Body: A chunked MP3 stream. Playback can begin as soon as the first chunk arrives.


Usage Examples

Node.js (stream directly to a file or speaker)

javascript
import fetch from "node-fetch";
import { createWriteStream } from "node:fs";
import { pipeline } from "node:stream/promises";
 
async function streamTTS() {
  const response = await fetch("https://api.suonora.com/v1/audio/stream", {
    method: "POST",
    headers: {
      Authorization: "Bearer YOUR_API_KEY",
      "Content-Type": "application/json",
    },
    body: JSON.stringify({
      input: "Hello, this is Suonora streaming in real time!",
      model: "legacy-v2.5",
      voice: "axel",
    }),
  });
 
  if (!response.ok) throw new Error(`HTTP ${response.status}`);
 
  // Pipe the readable stream straight to a file (or Speaker / prism-media)
  await pipeline(response.body, createWriteStream("realtime.mp3"));
  console.log("Saved realtime.mp3");
}
 
streamTTS().catch(console.error);

Swap createWriteStream for a library like speaker or prism-media to play on-the-fly.


Browser Example (HTML + JS)

html
<!DOCTYPE html>
<html lang="en">
<head>
  <meta charset="UTF-8" />
  <title>Suonora TTS Streaming Demo</title>
</head>
<body>
  <button id="play">Stream & Play</button>
  <audio id="player" controls></audio>
 
  <script>
    document.getElementById("play").onclick = async () => {
      const res = await fetch("https://api.suonora.com/v1/audio/stream", {
        method: "POST",
        headers: {
          Authorization: "Bearer YOUR_API_KEY",
          "Content-Type": "application/json",
        },
        body: JSON.stringify({
          input: "Streaming from Suonora with minimal latency.",
          model: "legacy-v2.5",
          voice: "axel"
        }),
      });
 
      if (!res.ok) return alert("TTS request failed: " + res.status);
 
      // Convert ReadableStream -> MediaSource for immediate playback
      const mediaSource = new MediaSource();
      const audio = document.getElementById("player");
      audio.src = URL.createObjectURL(mediaSource);
      audio.play();
 
      mediaSource.addEventListener("sourceopen", async () => {
        const mime = 'audio/mpeg';
        const sourceBuffer = mediaSource.addSourceBuffer(mime);
 
        const reader = res.body.getReader();
        let done, value;
        while ({ done, value } = await reader.read(), !done) {
          sourceBuffer.appendBuffer(value);
          await new Promise(r => sourceBuffer.updating ? sourceBuffer.addEventListener("update", r, { once: true }) : r());
        }
        mediaSource.endOfStream();
      });
    };
  </script>
</body>
</html>

The MediaSource API feeds arriving chunks straight into the <audio> tag, so playback begins almost instantly.


Error Handling

Identical status codes and meanings as the normal endpoint (400, 401, 429, 500).

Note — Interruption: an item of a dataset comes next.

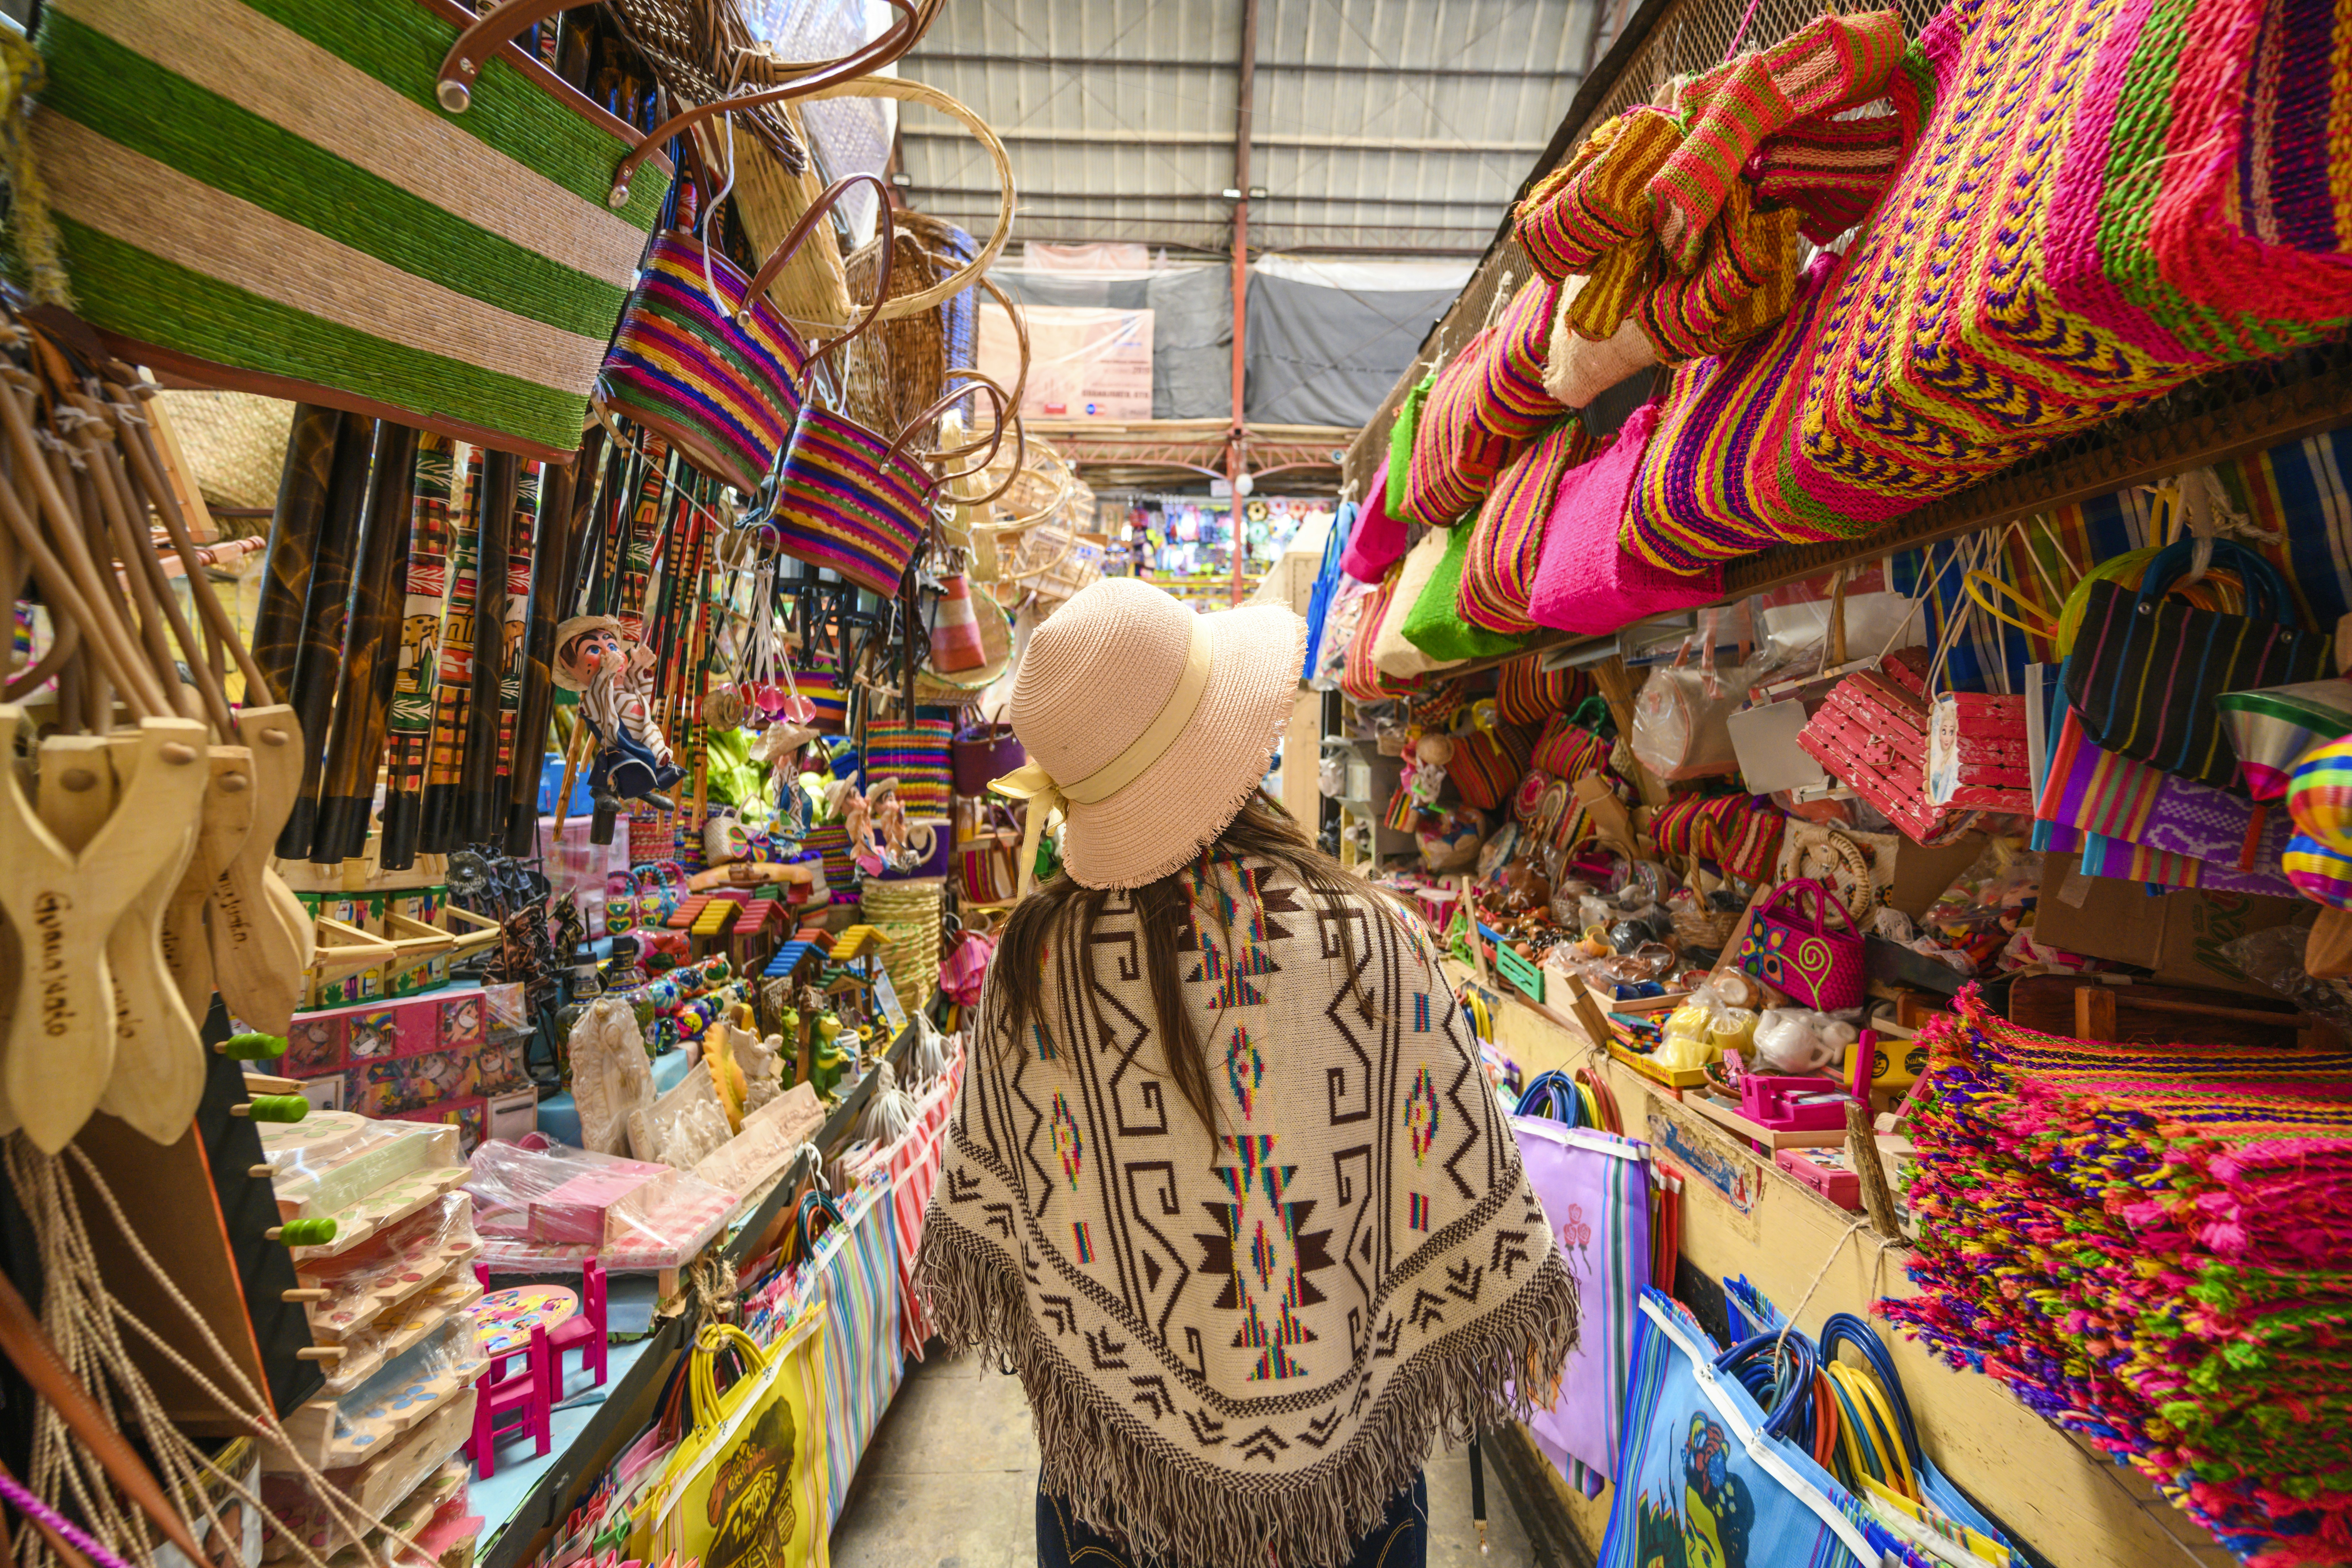 Tourist shopping for souvenirs at the Hidalgo market in Guanajuato, Mexico

For transient network issues during a long stream, reconnect and resend the request—Suonora’s engine will resume where possible.

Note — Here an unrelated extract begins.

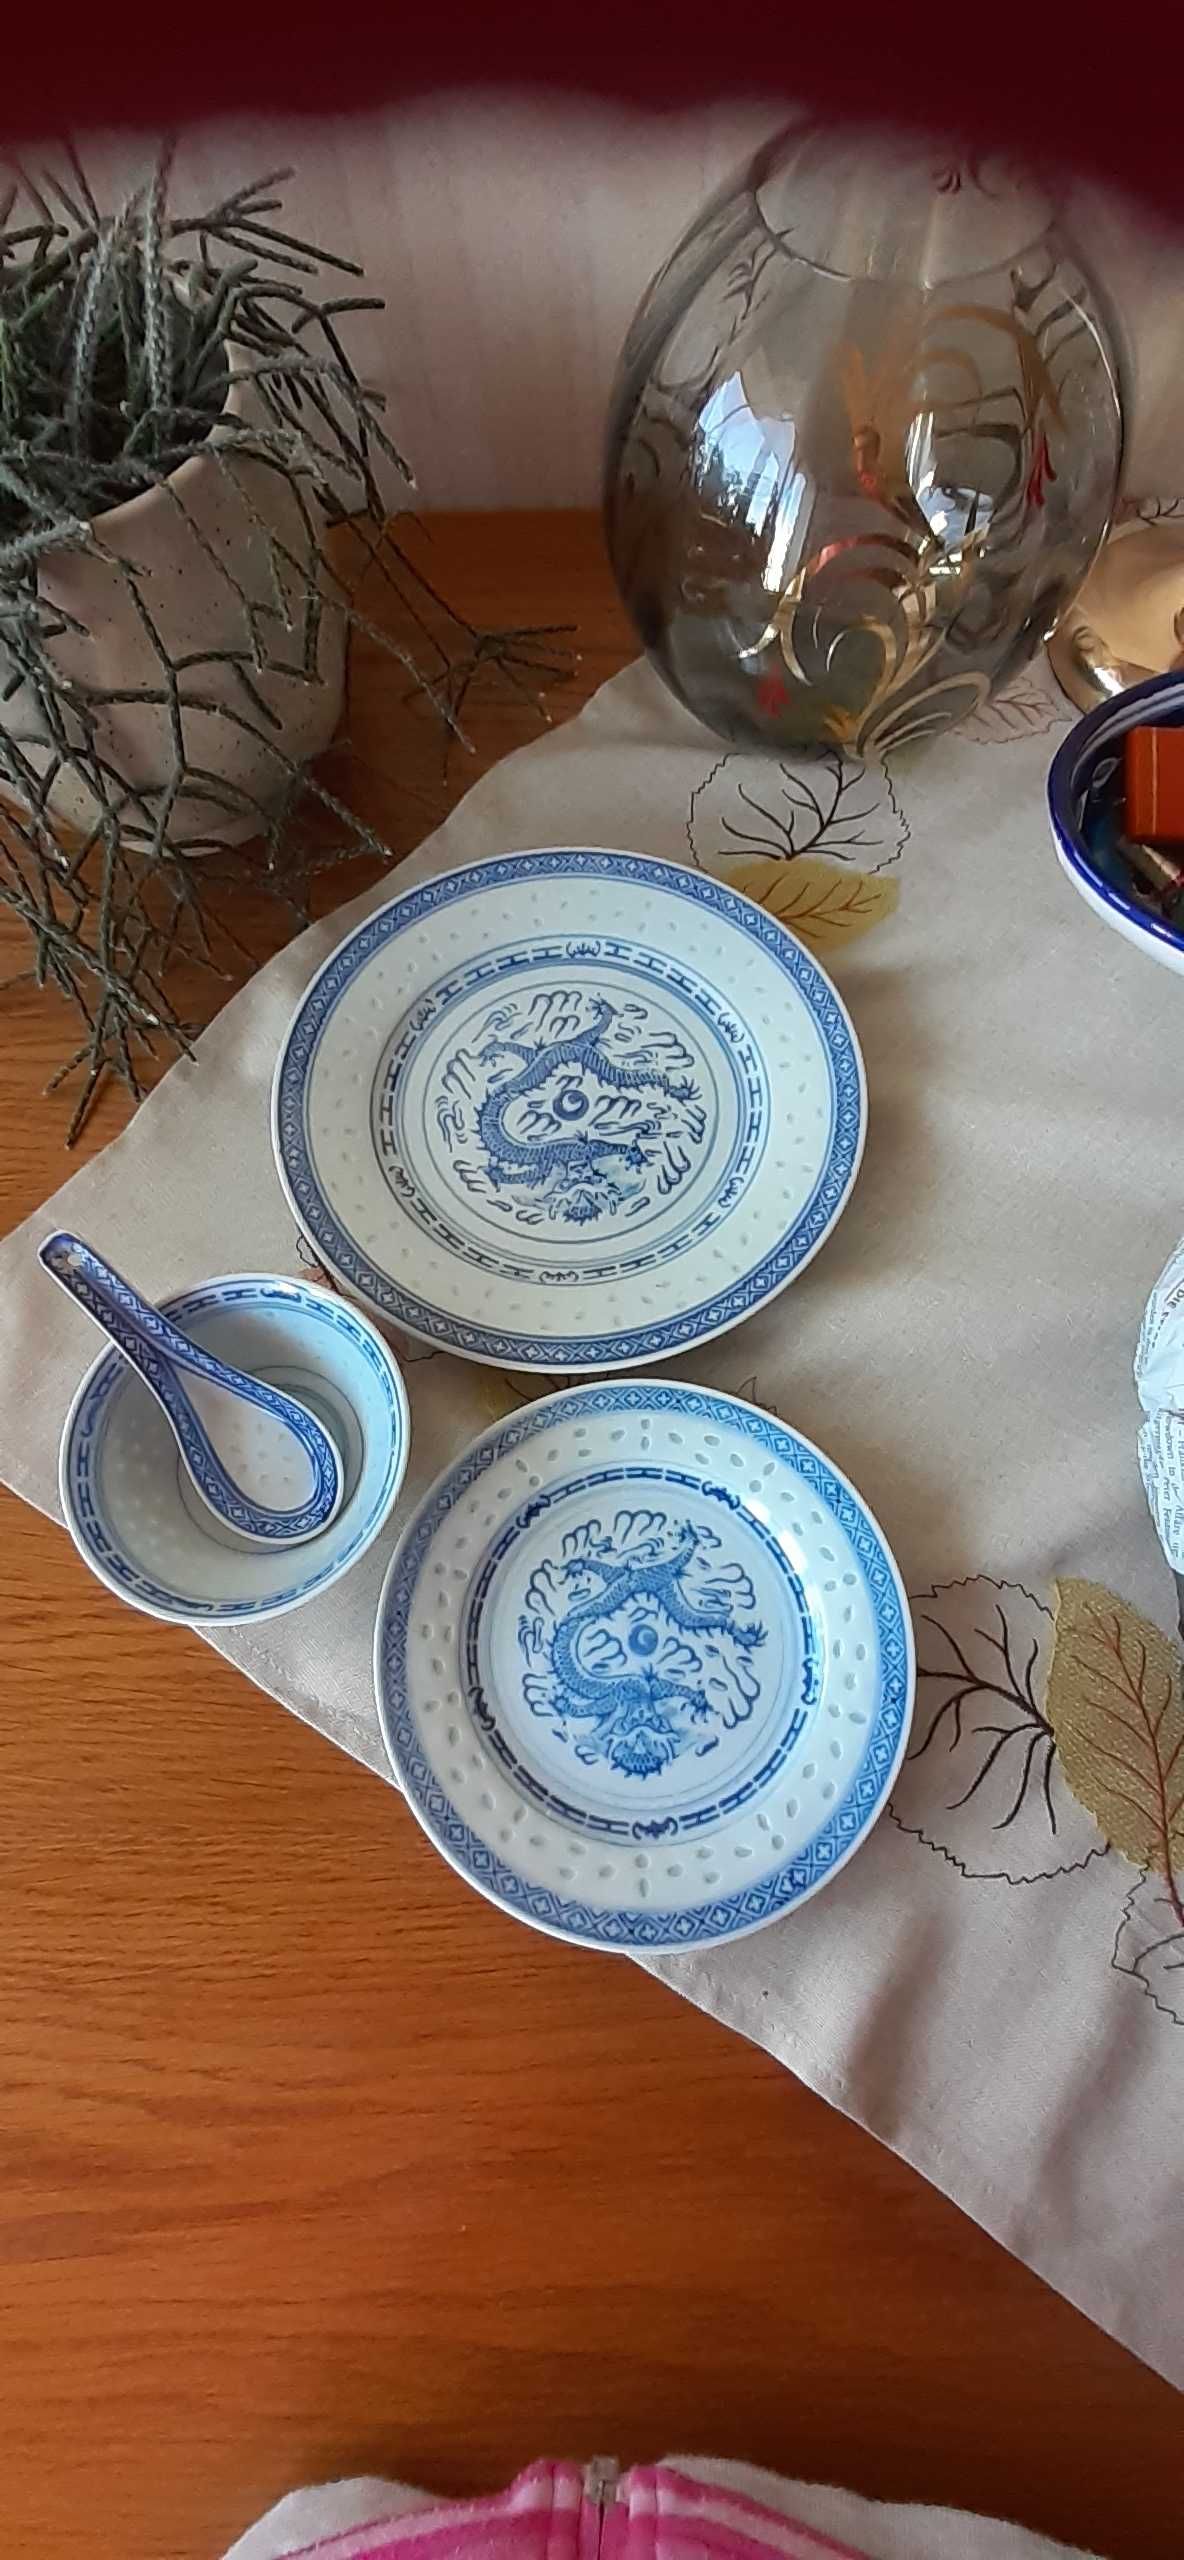 Chinska porcelana kolekcja

Best Practices (Streaming)

  • Keep connections alive. HTTP/2 or keep-alive sockets reduce handshake latency.
  • Back-pressure. Consume data continuously; otherwise the server may slow down or close the stream.
  • Progressive UI. Start playing audio as soon as the first chunks arrive for the snappiest UX.
  • Reuse logic. The same caching, retry, and chunk-splitting advice from the normal API applies here.

Changelog

  • v1.3.0May 2025 New endpoint /v1/audio/stream – real-time chunked MP3 streaming.

Enjoy ultra-low-latency speech synthesis with Suonora’s Streaming API!